Have never seen HofG so can't comment.


----------



## Chris Hobson (Jan 21, 2021)

Two more amazingly knowledgeable people won Pointless today.

Maisie Adam has been dominating House of Games this week. I can't help wondering whether she murdered her hairdresser.


----------



## trophywench (Jan 21, 2021)

With none of us of being able to visit a hairdresser or even they visit us since November, a good many people must have strange hairstyles we'd rather not have, frankly.


----------



## Chris Hobson (Feb 6, 2021)

Recently the subjects for the final round of pointless have been absolute stinkers and, as a result, the jackpot is now up to £10,000.


----------



## Inamuddle (Feb 6, 2021)

I wish someone would choose Paul Weller in the last round....I might just stand a chance of winning


----------



## Chris Hobson (Feb 6, 2021)

I got a pointless on the Beatles downloads question with In my life. The year 1958 might be good for me as it was the year that I and a former work colleague were born. If they ask for 1958 number one records I have the Kalin Twins and Lord Rockingham's Eleven as potential pointless answers.


----------



## trophywench (Feb 6, 2021)

Well I know about the mouse, should have thought it would have been dead by now so wouldn't still be loose?  Anyway it'll be OK when, I expect,

Never been asked to be one of the 100 people asked though, so you may be safe!


----------



## Chris Hobson (Feb 11, 2021)

I tend to be slightly boggled by the proportion of the random 100 who don't know the really easy ones. One example was a picture of an emu accompanied by the caption E_U. It scored 85. The other day the subject was chemical elements where we stopped writing when we got to the letter N. The clues included ZI, TI, and IRO. Since the N was included in the question, how could you possible not have got tin or iron? Zinc wasn't exactly that difficult to figure out. But the scores on these were around 45 - 50.


----------



## Pine Marten (Feb 11, 2021)

Chris Hobson said:


> I tend to be slightly boggled by the proportion of the random 100 who don't know the really easy ones. One example was a picture of an emu accompanied by the caption E_U. It scored 85. The other day the subject was chemical elements where we stopped writing when we got to the letter N. The clues included ZI, TI, and IRO. Since the N was included in the question, how could you possible not have got tin or iron? Zinc wasn't exactly that difficult to figure out. But the scores on these were around 45 - 50.
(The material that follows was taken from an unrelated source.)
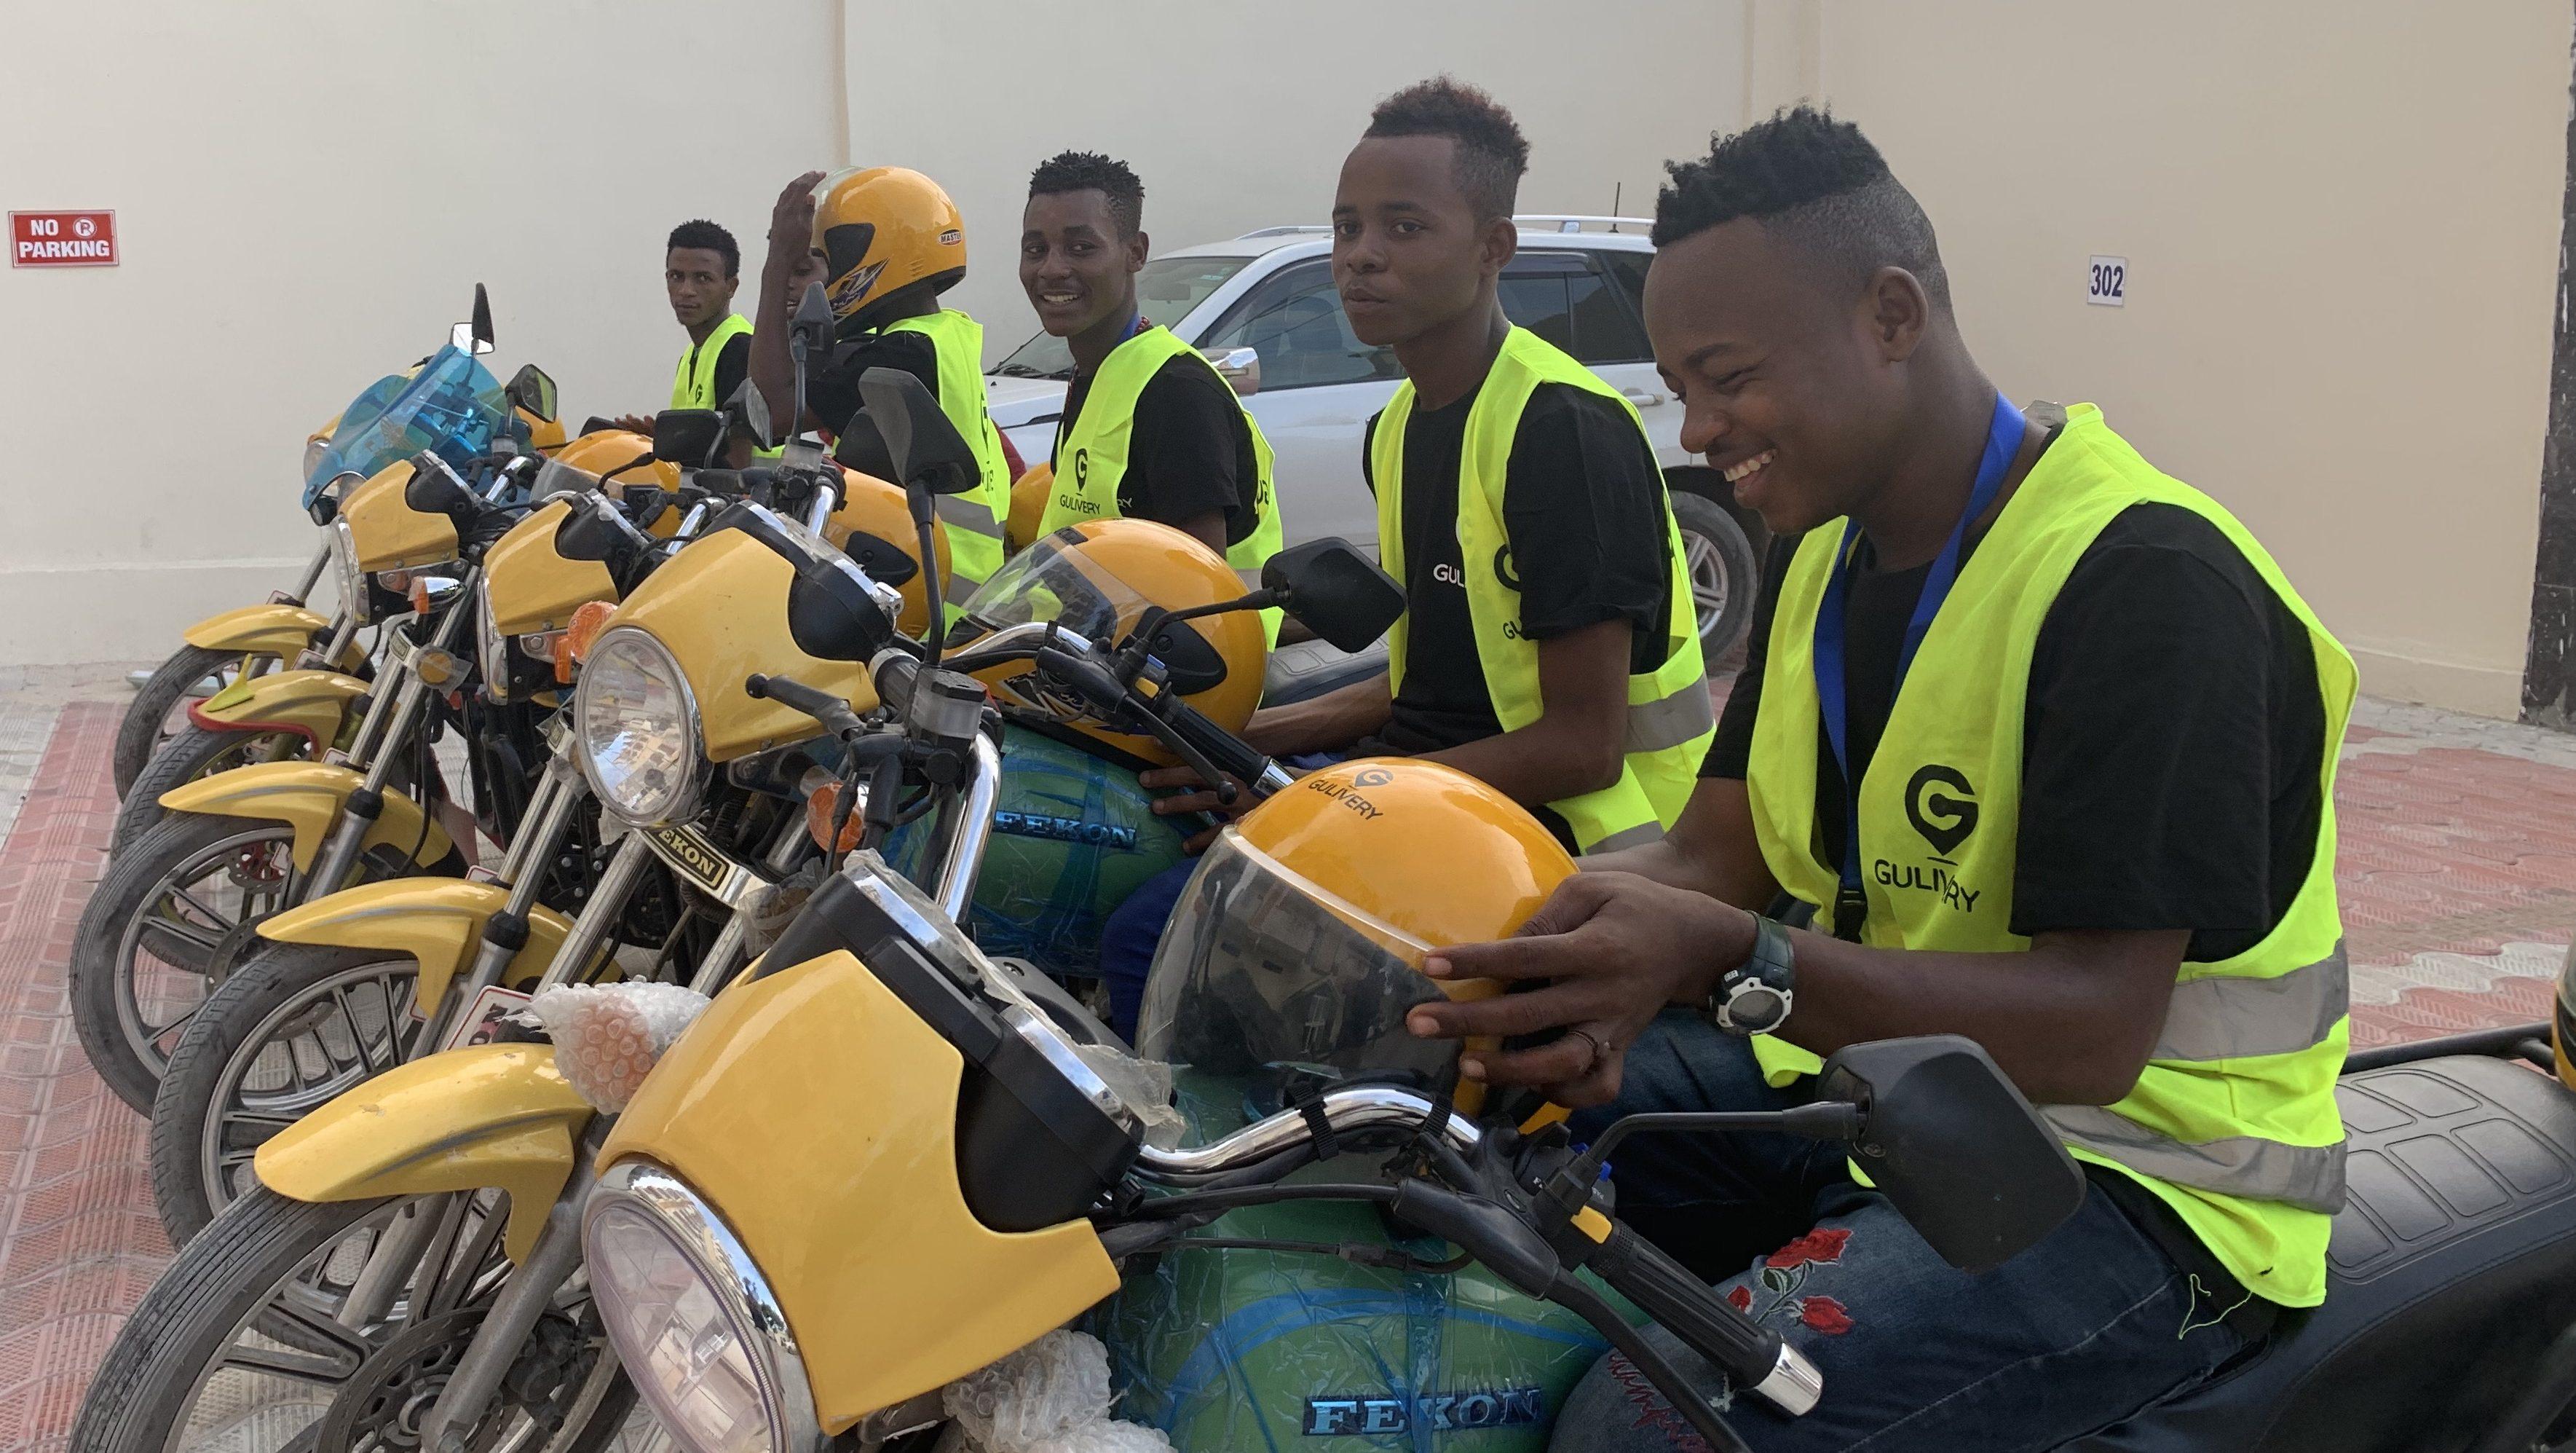 Mogadishu, Somalia moto-hailing app Go!

I'm boggled by that too! Perhaps it's the pressure of the 100 seconds.

I quite like the banter between Xander and Richard and I *really* like the way Richard tells off the contestants who say 'hmm, that's before my time...'  which is a very silly thing to say.

And I want to see a question about Christian Bale's films, as I know a couple of pretty obscure ones I hope would be pointless...  A couple of nights ago the finalists won the jackpot of £12,500 - pretty impressive pointless sporting knowledge.


----------



## Annemarie (Feb 11, 2021)

Watching Pointless tonight? Appalling how low the numbers were naming the parts of speech! Isn’t punctuation in the National Curriculum? I’m certainly not firing at Teachers but perhaps the overload they work under doesn’t include the basics


----------



## Chris Hobson (Feb 11, 2021)

The technical side of grammar wasn't taught in the comprehensive school that I attended. I learned to write and speak in grammatically correct ways by reading a lot. My choice on the grammatical terms was superlative which scored pretty low I think.


----------



## Annemarie (Feb 11, 2021)

@Chris Hobson That’s interesting Chris, perhaps it’s my age! My English Teacher (I am still in touch with her now and she’s 98) was very strict in ensuring our knowledge and respect for the English Language. My husband and I had afternoon tea with her many years ago, on the way home my he said he found her inspirational and wishes he’d had a Teacher like her. I think I was lucky


----------



## trophywench (Feb 11, 2021)

I can't remember being taught that eg the word 'group' was a collective noun etc but there again we were both greatly encouraged by both parents to read anything and everything; nearly drove my mum mad after I eventually learned to read so when she was rushing about trying to get our brekkies into us before getting us to school or, off to school whilst I read her the back of the Cornflake etc packet - because I wanted her to explain what things like 'Fortified with whatever' meant and What's a Nitrate, mom?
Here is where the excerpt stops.